Double electron electron resonance (DEER), deuterium electron spin-echo envelope modulation (ESEEM) spectroscopy and 31P electron nuclear double resonance (ENDOR) spectroscopy were applied to site-specifically spin-labeled surfactants in the organically modified layered silicate magadiite and its composites with polystyrene (PS) and polycaprolactone (PCL). The organomagadiite consist of stacks of silicate platelets with surfactant layers between these platelets. In PS composites the stacks are dispersed in the polymer matrix as a whole, while melt processing with PCL leads to intercalation of polymer chains into the galleries between the platelets. The DEER data prove that even in the case of the non-intercalated PS composites the density of surfactant molecules changes drastically during composite formation on length scales of a few nanometers. Deuterium ESEEM data demonstrate that spin labels attached both in the middle and at the end of the alkyl chain have contact with the headgroups of neighboring surfactant molecules.
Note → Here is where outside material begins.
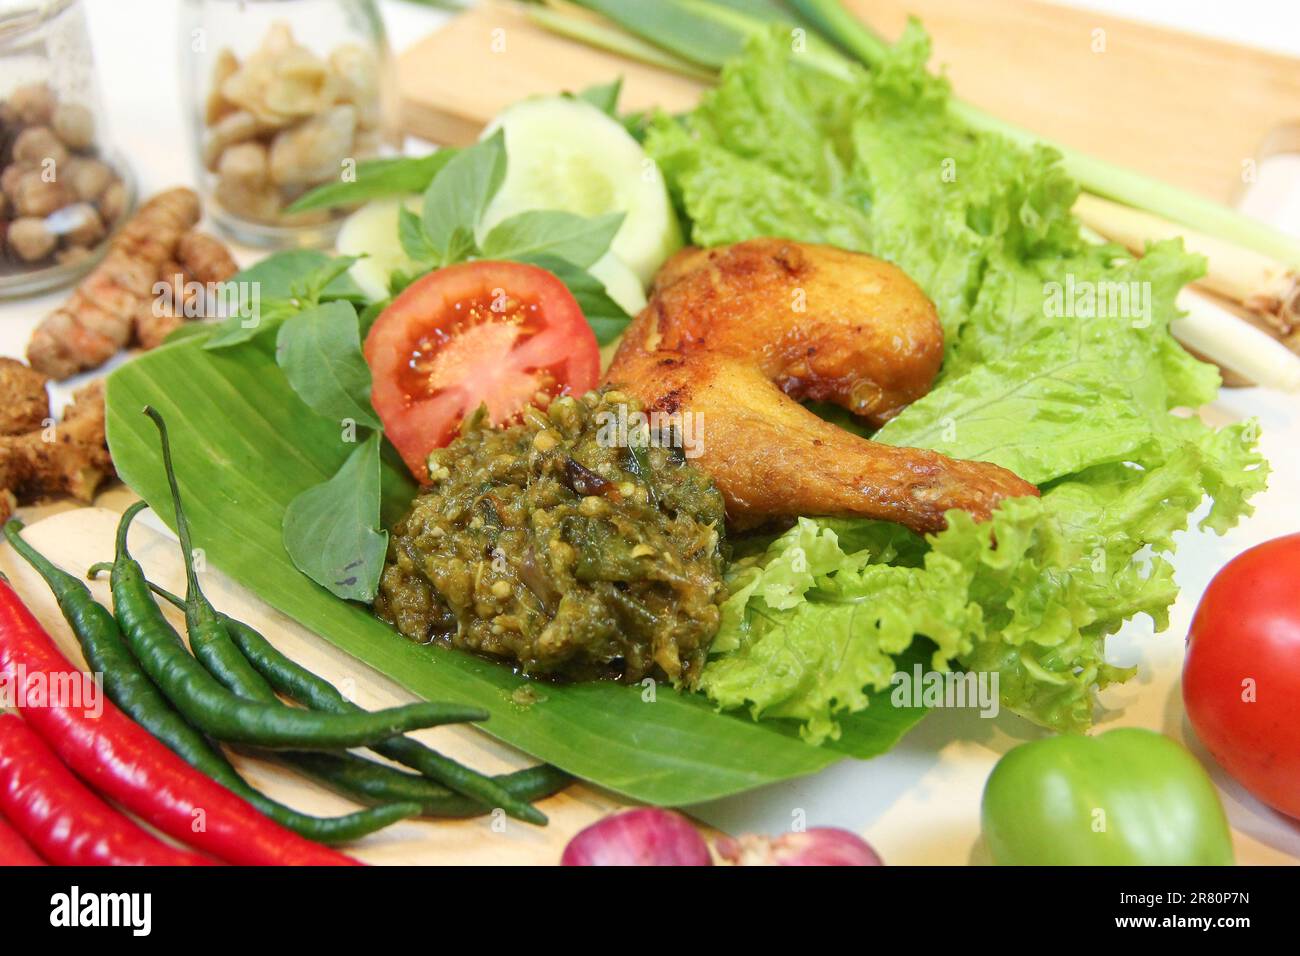 Galangal gebratenes Hähnchen, Sambal, Tomaten, Gurke, Basilikum, Salat. Indonesische Küche auf Bananenblatt-Teller. Gastronomie Fotografie und Zutaten Gewürze Stockfoto

By analysis of the 31P ENDOR spectra, two characteristic distances are found between the spin labels and the headgroups of phosphonium surfactants. The shorter, proximal distance can be assigned to headgroups in the same surfactant layer. By comparison with the basal spacing between consecutive silicate platelets the longer, distal distance is assigned to a layer of surfactants that is not attached to the surface of the next platelet but rather located between platelets. Altogether the data support a picture of trilayers of disordered surfactant molecules with their alkyl chains oriented nearly parallel to the surface.